* [WORK INSTRUCTION]:
The lines below must be transcribed exactly as given, with the images removed.

* [DATA SEGMENT]:

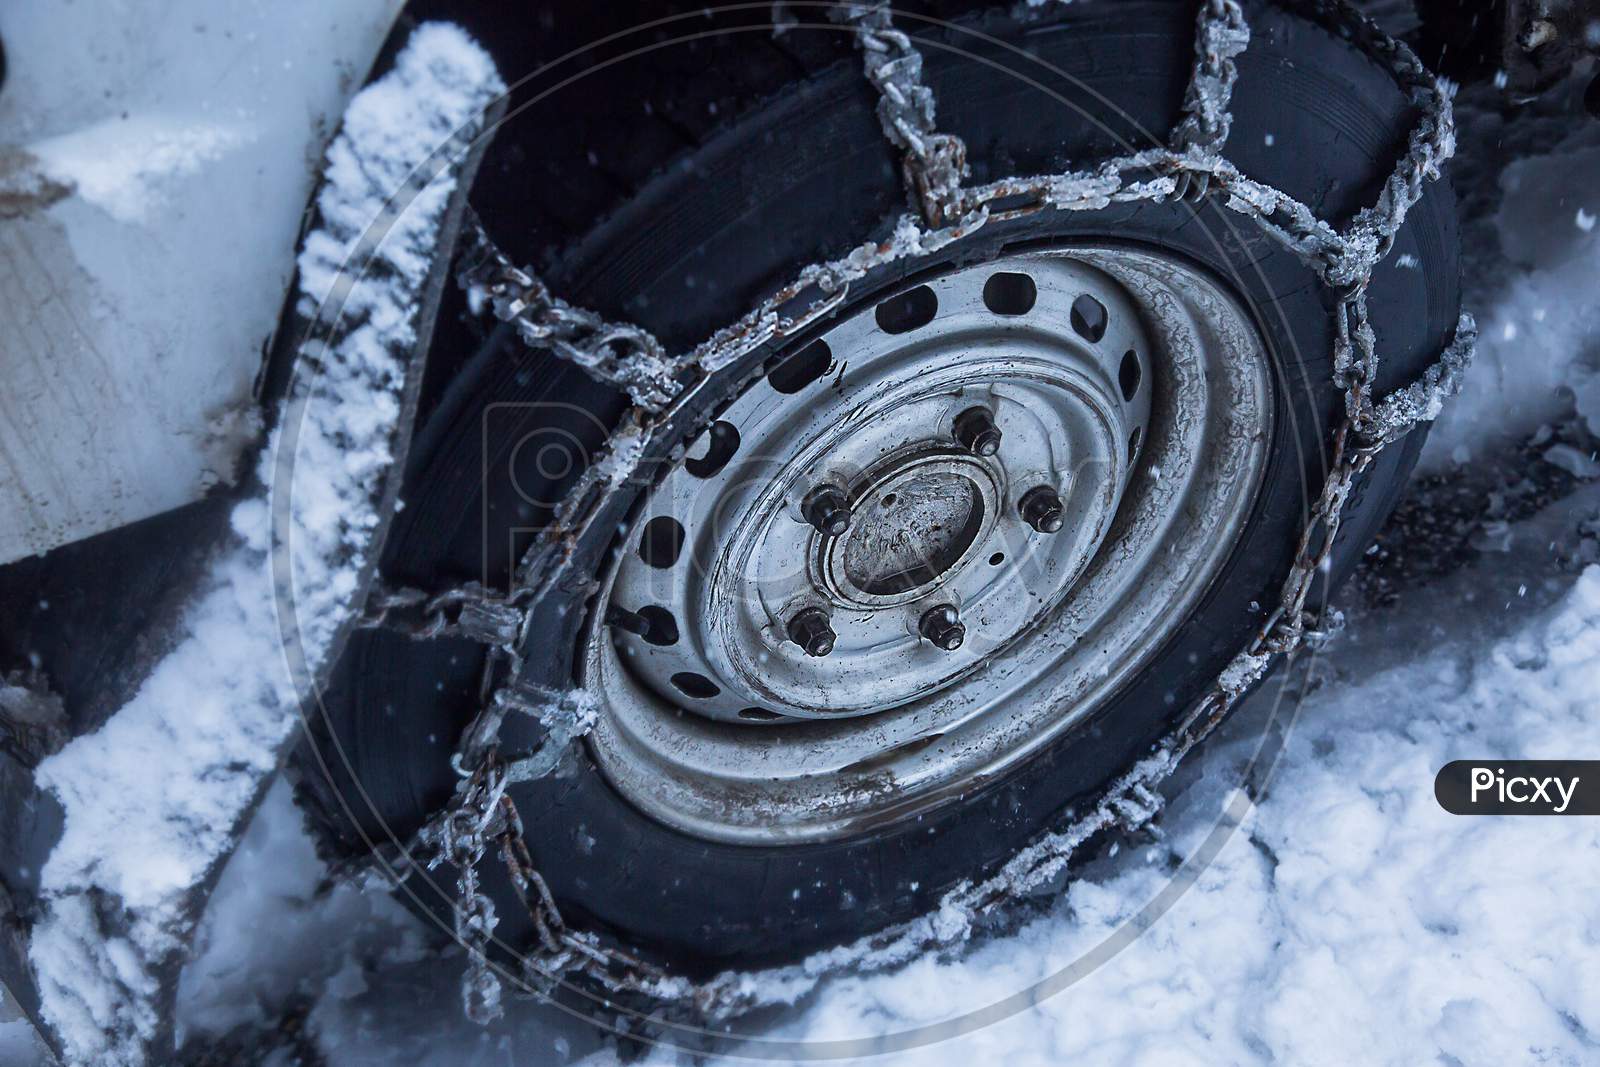 Snow Chains Put On Car Wheel In The Snow, Close-Up - Image
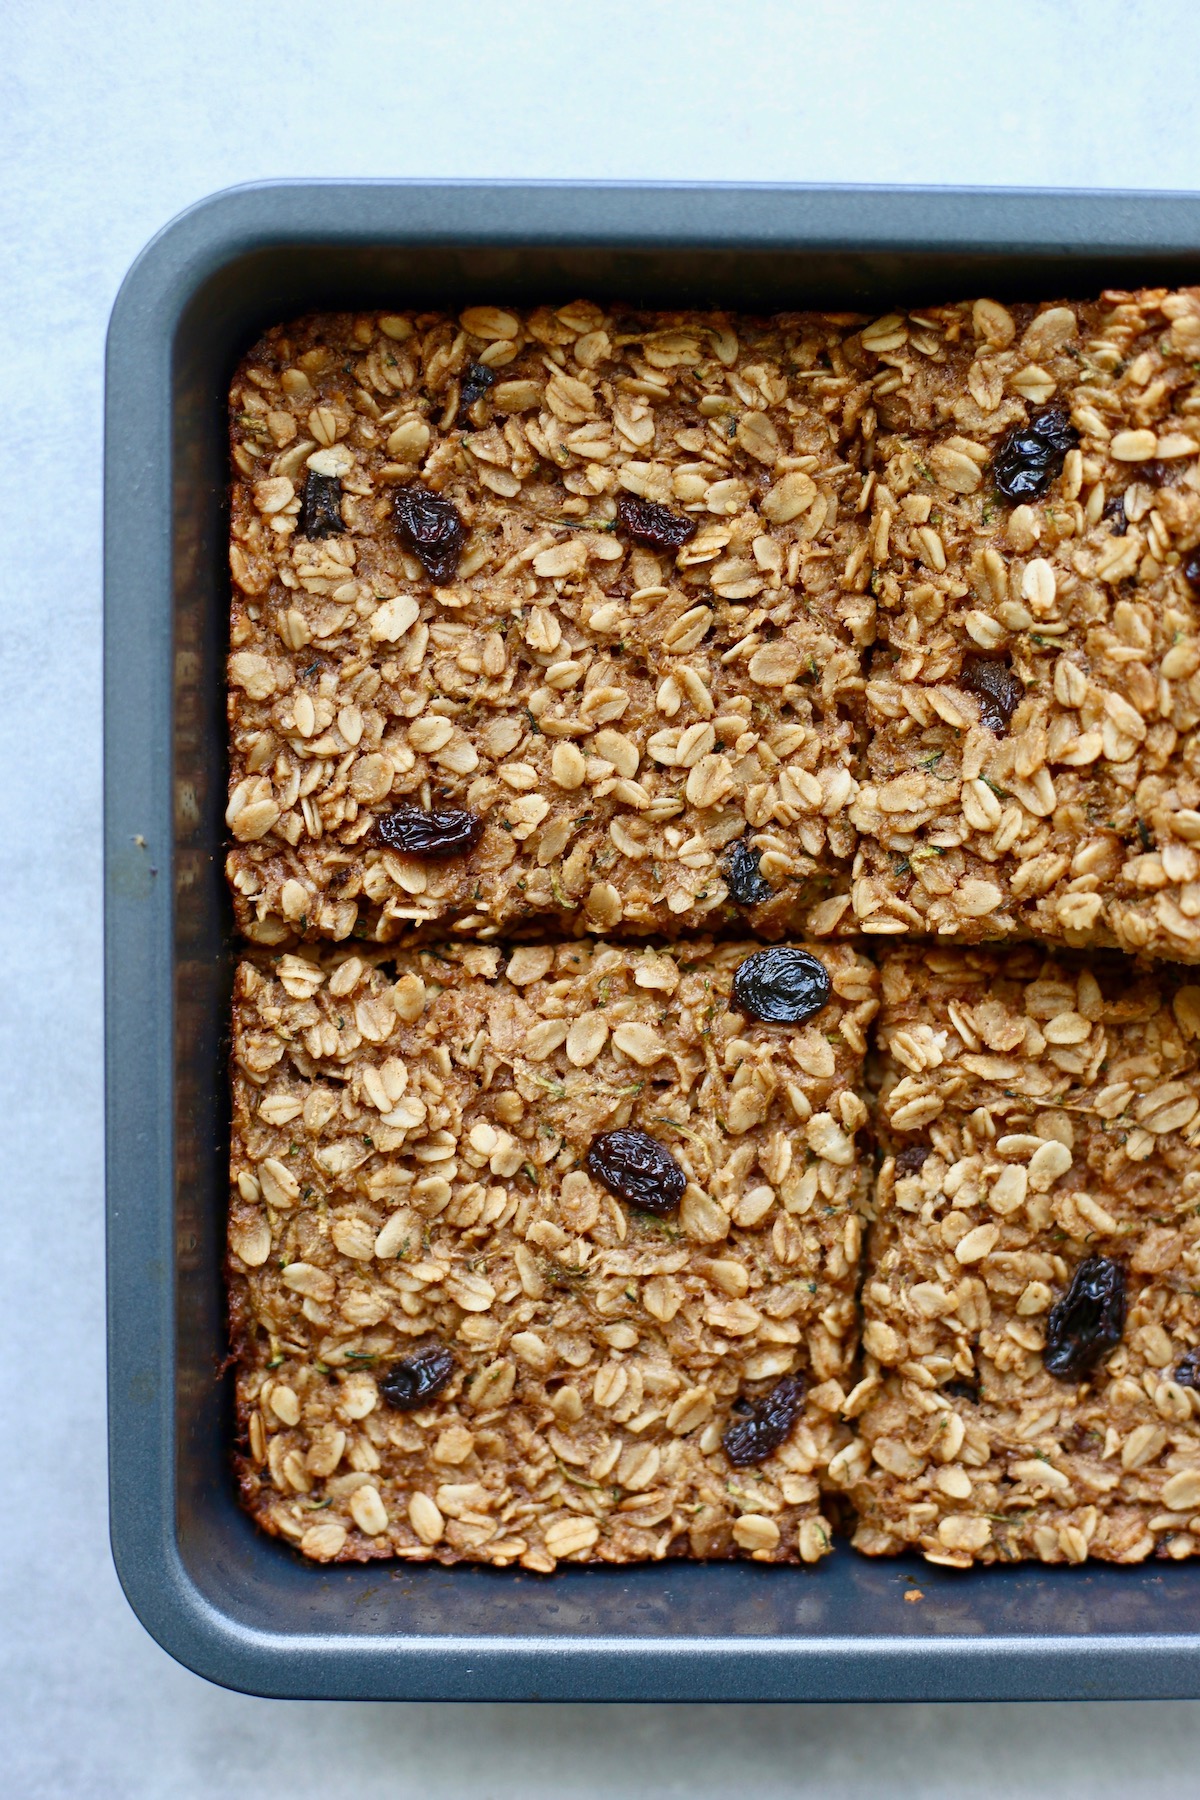 Bake and set aside the oatmeal dish
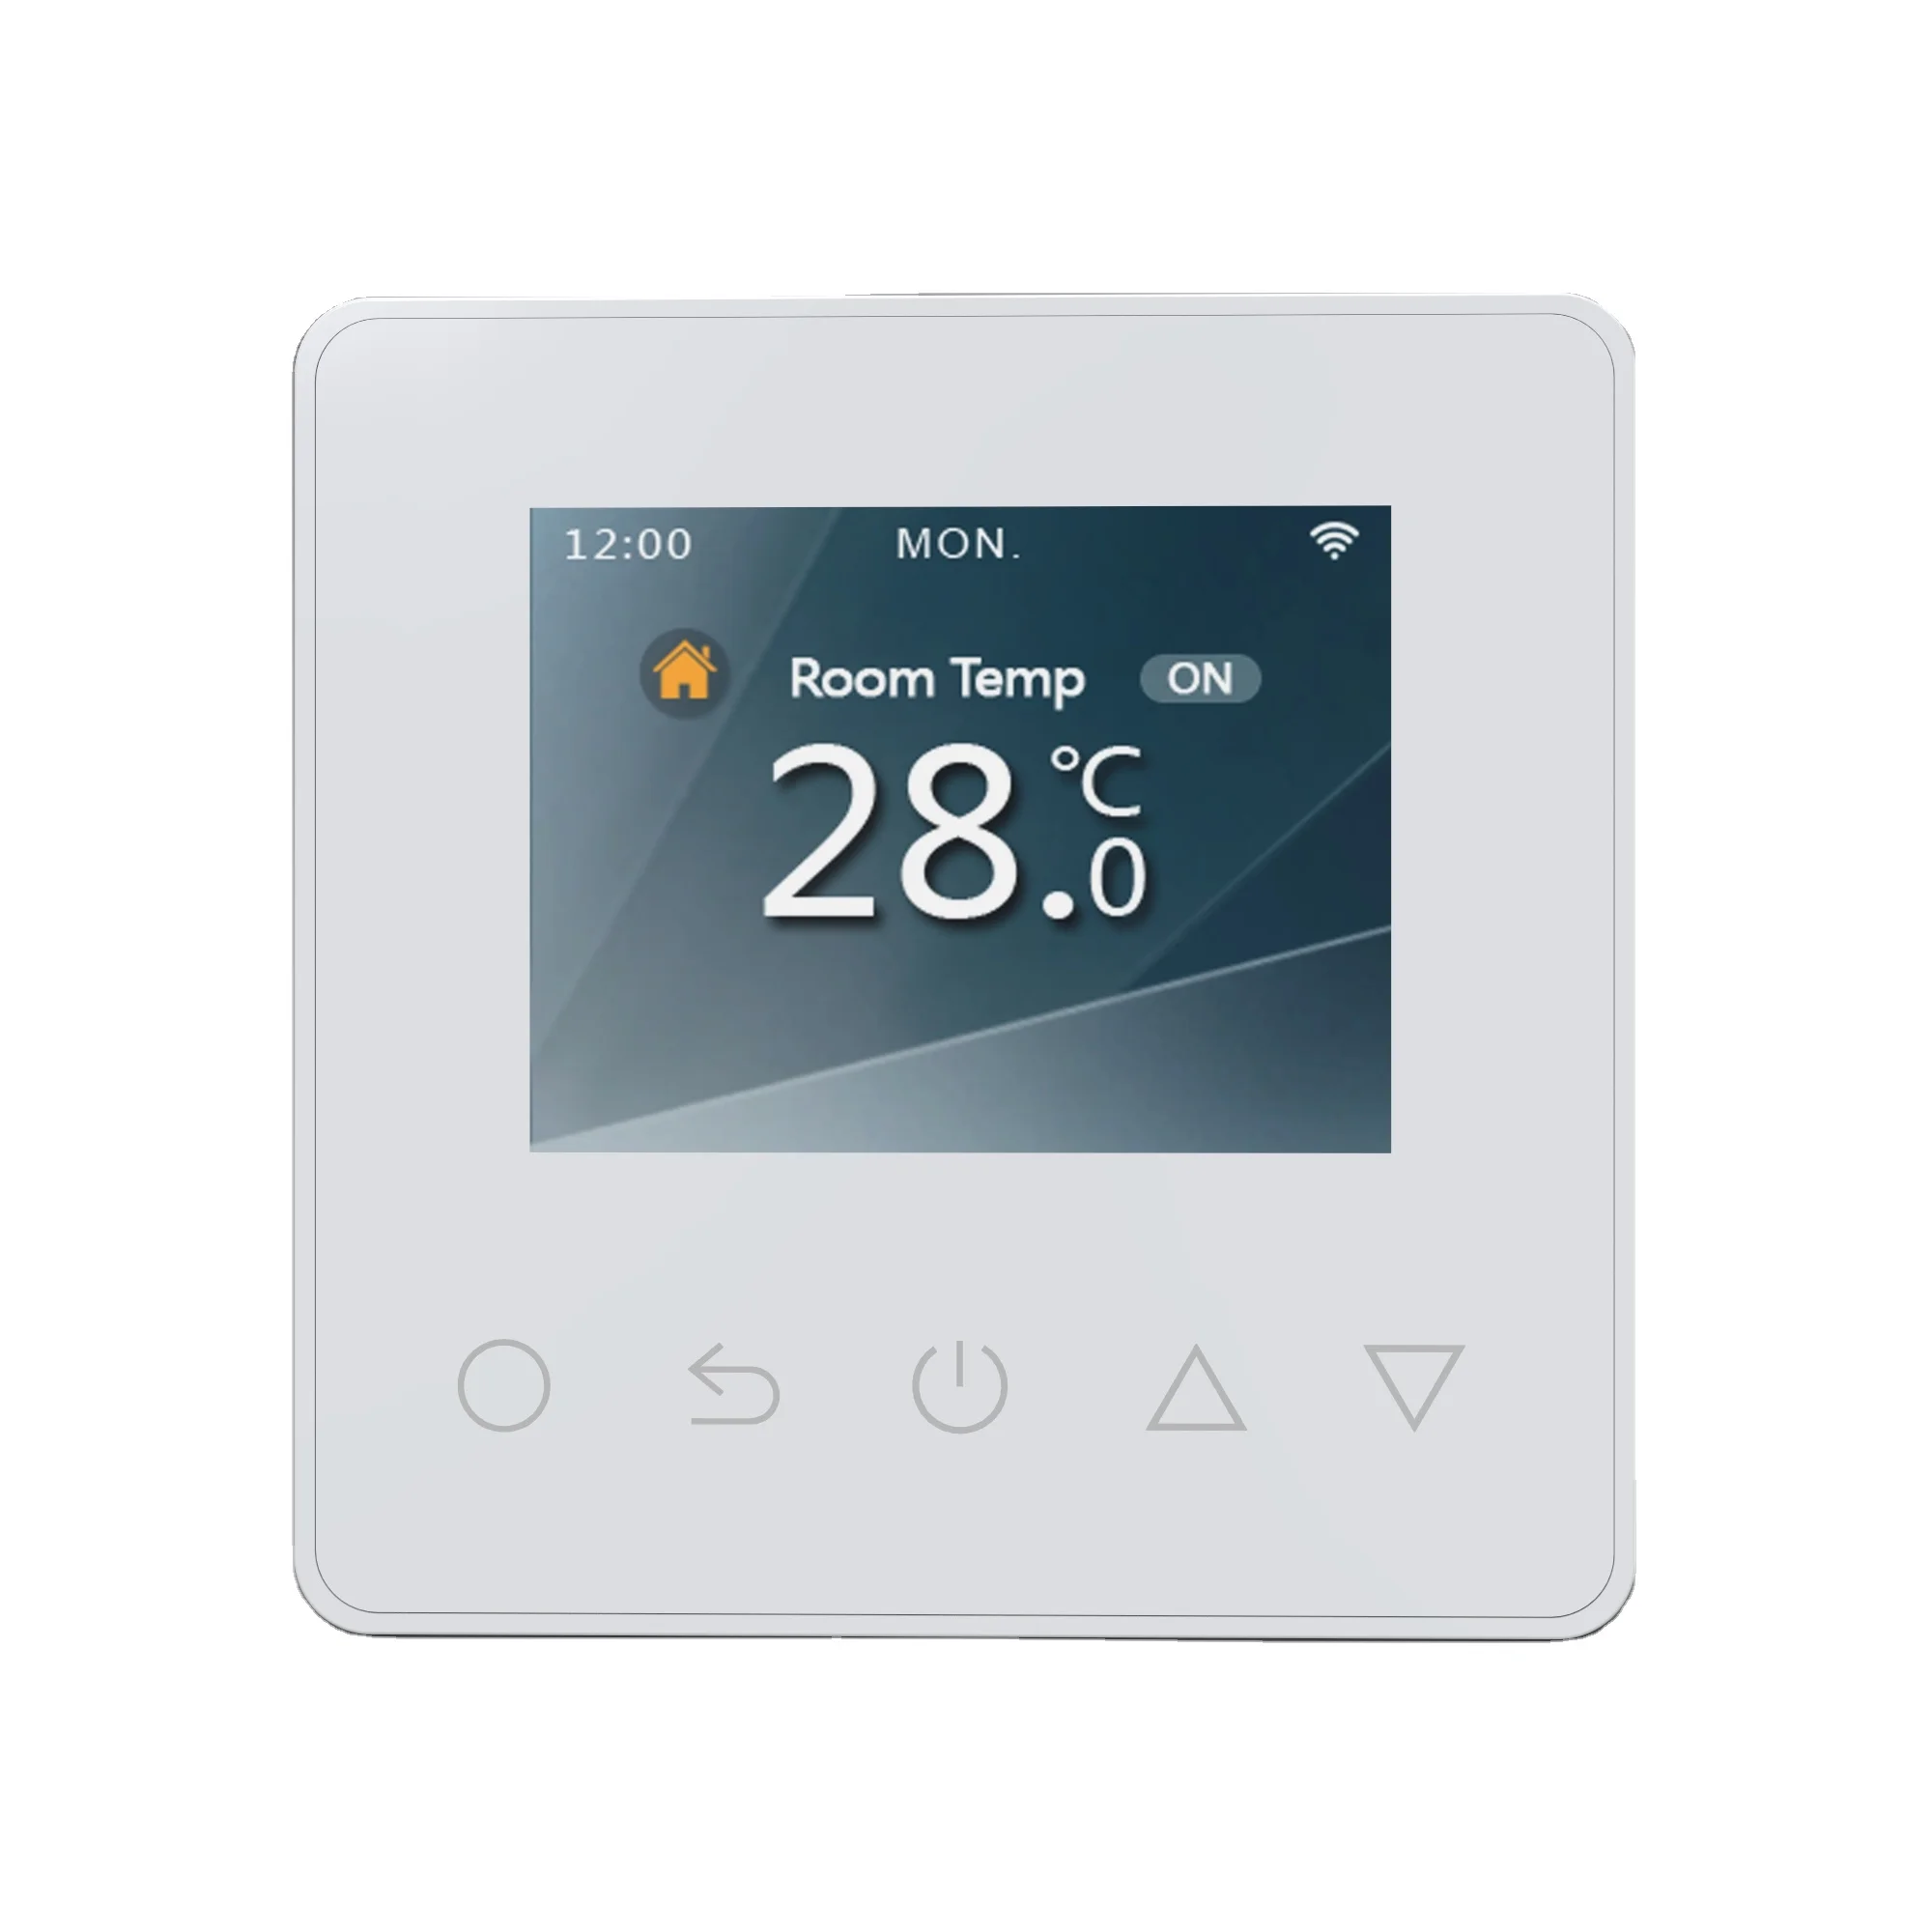 Wifi floor heating room thermostat can compatible
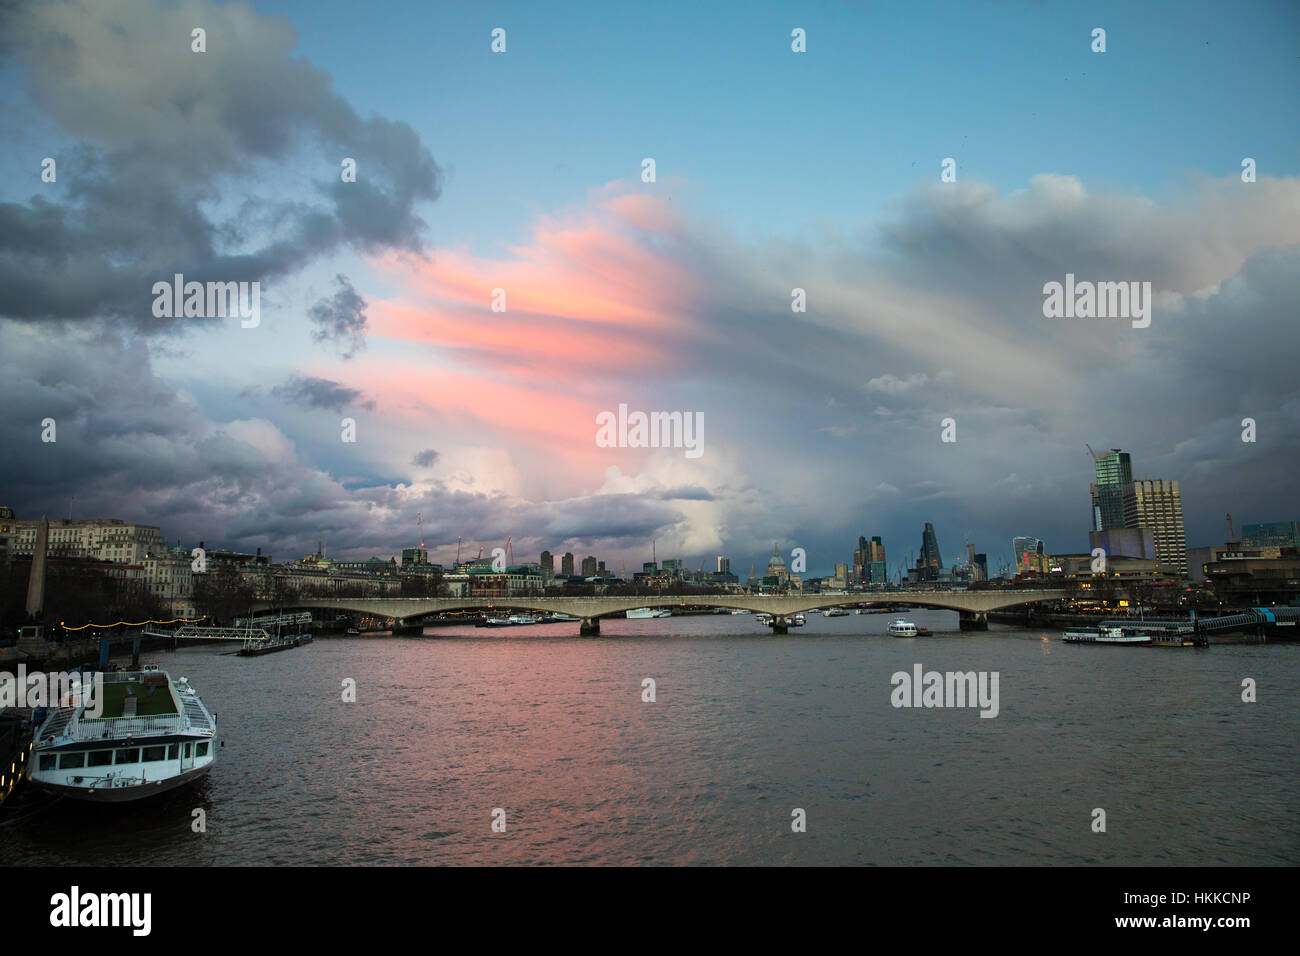 London, UK. 28th January, 2017. Beautiful evening view over Waterloo Bridge, seen from Charing Cross, with pink clouds at sunset. Credit: Carol Moir/Alamy Live News. Stock Photo

* [OUTPUT FOR THIS EXERCISE]:
 Snow Chains Put On Car Wheel In The Snow, Close-Up - Image
 Bake and set aside the oatmeal dish
 Wifi floor heating room thermostat can compatible
 London, UK. 28th January, 2017. Beautiful evening view over Waterloo Bridge, seen from Charing Cross, with pink clouds at sunset. Credit: Carol Moir/Alamy Live News. Stock Photo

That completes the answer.